Make sure to label them immediately before or after sowing. Then, cover your seeds with a thin layer of vermiculite or seed-starting mix. Very tiny seeds should remain uncovered. Mist gently with water or set the container in a pan of warm water to moisten from below. Cover the container loosely with plastic wrap or a plastic bag to hold in moisture. You likely won’t need to water again until seeds germinate. Place trays in a warm spot out of direct sunlight. Once seedlings emerge, remove the plastic and move them to a bright window with indirect light. Allow the soil to dry slightly between waterings, but don’t let the seedlings wilt. If needed, thin them out by snipping extras at the soil line with scissors. If they outgrow their containers, you can transplant them into individual pots once they develop one set of true leaves.

Seedlings must adjust gradually to outdoor conditions, a process called “hardening off.” Start by placing them outside in part shade, protected from wind, for about a week. Bring them in at night before temperatures drop. During the second week, slowly increase sun exposure. Start by leaving them outside in direct sunlight for an hour for the first day, and then increasing the amount of time each consecutive day. After this week, if no freezing temperatures are expected, plants can remain outside until transplanting. Hardening off is important in the seed sowing process: skipping this step can lead to sunburned, damaged leaves.

Choose a cloudy day to transplant your seedlings to reduce shock. Dig a hole twice as wide as the plant’s root ball. Gently remove the plant from its container with a spoon, keeping as much soil around the roots as possible. Try not to grasp the plant by its stem; this can cause serious damage. Set it in the hole at the same depth it was growing in its container. Fill the hole gently, without packing the soil tightly around the roots.

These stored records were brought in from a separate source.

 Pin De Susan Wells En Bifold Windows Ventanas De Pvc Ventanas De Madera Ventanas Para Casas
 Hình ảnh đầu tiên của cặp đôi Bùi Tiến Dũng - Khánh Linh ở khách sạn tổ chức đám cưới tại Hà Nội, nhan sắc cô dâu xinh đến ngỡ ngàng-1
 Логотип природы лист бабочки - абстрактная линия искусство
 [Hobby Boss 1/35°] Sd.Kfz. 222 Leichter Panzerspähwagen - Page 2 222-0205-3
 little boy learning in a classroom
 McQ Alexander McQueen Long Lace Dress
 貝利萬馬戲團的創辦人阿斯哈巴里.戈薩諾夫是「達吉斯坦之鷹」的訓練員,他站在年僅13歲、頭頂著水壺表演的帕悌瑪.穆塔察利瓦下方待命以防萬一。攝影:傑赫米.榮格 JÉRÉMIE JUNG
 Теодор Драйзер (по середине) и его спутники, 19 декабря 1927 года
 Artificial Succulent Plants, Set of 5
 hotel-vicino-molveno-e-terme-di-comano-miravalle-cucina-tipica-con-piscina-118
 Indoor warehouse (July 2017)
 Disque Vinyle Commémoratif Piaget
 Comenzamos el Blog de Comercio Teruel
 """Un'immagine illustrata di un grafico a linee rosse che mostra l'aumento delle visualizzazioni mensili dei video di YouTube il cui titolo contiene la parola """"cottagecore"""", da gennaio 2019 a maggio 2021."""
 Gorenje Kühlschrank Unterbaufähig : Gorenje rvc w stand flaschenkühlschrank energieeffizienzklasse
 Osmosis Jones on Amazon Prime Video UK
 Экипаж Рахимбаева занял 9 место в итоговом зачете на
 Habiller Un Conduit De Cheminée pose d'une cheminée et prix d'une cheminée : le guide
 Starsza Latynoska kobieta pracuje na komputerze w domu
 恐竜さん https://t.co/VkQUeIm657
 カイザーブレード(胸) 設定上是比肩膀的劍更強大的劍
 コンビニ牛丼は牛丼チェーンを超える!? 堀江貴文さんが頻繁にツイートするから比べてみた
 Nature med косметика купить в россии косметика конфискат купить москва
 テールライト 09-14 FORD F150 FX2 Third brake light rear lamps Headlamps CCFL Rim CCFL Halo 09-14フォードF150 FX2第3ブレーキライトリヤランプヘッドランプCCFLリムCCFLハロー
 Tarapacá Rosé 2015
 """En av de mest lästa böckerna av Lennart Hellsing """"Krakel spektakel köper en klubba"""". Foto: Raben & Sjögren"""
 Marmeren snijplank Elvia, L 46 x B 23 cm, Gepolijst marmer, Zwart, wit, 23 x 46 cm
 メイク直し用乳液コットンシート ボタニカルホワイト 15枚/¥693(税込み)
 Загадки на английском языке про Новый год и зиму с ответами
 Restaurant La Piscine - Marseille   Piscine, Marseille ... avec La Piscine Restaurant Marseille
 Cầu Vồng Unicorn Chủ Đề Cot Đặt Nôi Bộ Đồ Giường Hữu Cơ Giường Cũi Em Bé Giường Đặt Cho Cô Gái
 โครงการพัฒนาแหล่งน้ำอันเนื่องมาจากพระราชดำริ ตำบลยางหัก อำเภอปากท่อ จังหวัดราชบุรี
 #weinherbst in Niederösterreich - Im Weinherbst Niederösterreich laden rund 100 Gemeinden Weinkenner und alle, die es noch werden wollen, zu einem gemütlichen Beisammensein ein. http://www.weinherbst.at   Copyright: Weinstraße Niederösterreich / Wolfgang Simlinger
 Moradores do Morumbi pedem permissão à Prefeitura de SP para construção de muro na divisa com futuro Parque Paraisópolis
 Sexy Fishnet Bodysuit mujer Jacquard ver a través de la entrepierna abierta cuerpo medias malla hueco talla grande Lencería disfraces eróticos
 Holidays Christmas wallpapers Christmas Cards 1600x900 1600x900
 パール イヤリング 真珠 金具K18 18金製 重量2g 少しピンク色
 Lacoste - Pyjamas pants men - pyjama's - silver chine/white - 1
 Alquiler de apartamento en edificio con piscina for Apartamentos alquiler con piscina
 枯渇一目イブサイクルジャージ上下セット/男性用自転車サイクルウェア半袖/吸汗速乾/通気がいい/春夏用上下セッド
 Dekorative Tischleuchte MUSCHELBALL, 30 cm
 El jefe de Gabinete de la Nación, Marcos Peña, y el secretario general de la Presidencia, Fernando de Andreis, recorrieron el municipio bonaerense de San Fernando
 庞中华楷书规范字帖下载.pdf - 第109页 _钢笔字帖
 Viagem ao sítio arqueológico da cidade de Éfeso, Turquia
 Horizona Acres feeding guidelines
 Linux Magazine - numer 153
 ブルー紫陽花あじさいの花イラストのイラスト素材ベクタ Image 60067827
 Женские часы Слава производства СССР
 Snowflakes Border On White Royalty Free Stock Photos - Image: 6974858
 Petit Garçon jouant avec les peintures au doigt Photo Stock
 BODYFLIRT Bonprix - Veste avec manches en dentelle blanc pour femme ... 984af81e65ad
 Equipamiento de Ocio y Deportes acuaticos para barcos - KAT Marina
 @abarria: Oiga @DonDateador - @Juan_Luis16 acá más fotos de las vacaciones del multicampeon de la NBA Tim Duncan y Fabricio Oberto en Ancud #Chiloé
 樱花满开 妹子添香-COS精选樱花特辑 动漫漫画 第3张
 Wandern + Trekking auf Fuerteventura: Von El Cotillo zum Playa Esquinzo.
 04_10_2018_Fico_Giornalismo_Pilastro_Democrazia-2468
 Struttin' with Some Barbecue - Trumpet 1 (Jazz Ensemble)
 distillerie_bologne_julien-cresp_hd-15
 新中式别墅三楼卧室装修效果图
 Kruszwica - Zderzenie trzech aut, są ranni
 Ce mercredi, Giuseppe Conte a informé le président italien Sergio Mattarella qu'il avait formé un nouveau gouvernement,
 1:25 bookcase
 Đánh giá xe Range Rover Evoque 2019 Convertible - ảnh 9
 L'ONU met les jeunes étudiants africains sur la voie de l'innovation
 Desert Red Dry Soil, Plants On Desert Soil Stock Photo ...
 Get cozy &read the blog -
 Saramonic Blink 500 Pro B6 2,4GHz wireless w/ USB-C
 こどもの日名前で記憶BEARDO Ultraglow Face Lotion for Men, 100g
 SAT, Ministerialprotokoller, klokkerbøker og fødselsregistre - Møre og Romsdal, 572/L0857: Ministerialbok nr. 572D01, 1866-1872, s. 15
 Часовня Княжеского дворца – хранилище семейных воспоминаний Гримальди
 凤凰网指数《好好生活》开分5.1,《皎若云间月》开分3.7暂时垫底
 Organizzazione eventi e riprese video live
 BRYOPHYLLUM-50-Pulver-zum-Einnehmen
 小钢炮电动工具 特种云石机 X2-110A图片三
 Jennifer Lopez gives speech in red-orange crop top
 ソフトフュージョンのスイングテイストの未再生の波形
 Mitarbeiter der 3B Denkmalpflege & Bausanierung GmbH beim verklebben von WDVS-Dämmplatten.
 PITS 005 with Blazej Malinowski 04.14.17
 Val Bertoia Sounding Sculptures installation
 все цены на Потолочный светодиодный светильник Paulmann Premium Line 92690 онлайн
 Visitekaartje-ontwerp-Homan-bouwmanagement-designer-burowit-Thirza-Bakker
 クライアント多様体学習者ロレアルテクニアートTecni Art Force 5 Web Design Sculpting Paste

Annual flowers like marigolds and zinnias are excellent for beginners. Check the seed packet to determine how many weeks are needed before transplanting outdoors. In late winter, gardeners can start artichokes, perennial herbs, chard, salad greens, onions, leeks and more. By late February/early March, sow cole crops such as broccoli, cabbage, cauliflower, Brussels sprouts, and kale. Tomatoes and peppers can also be started indoors for transplanting later in spring. In New England, peas can be planted outdoors as soon as the soil is workable.

Starting seeds indoors may seem technical at first, but it’s simply a matter of timing, clean containers, good grow mix, and patience. With a little planning now, your garden will be off to a strong start when warm weather finally arrives.

The UConn Home Garden Education Office supports UConn Extension’s mission by providing answers you can trust with research-based information and resources. For gardening questions, contact us toll-free at (877) 486-6271, visit our website at homegarden.cahnr.uconn.edu, or reach out to your local UConn Extension Center at extension.uconn.edu/locations.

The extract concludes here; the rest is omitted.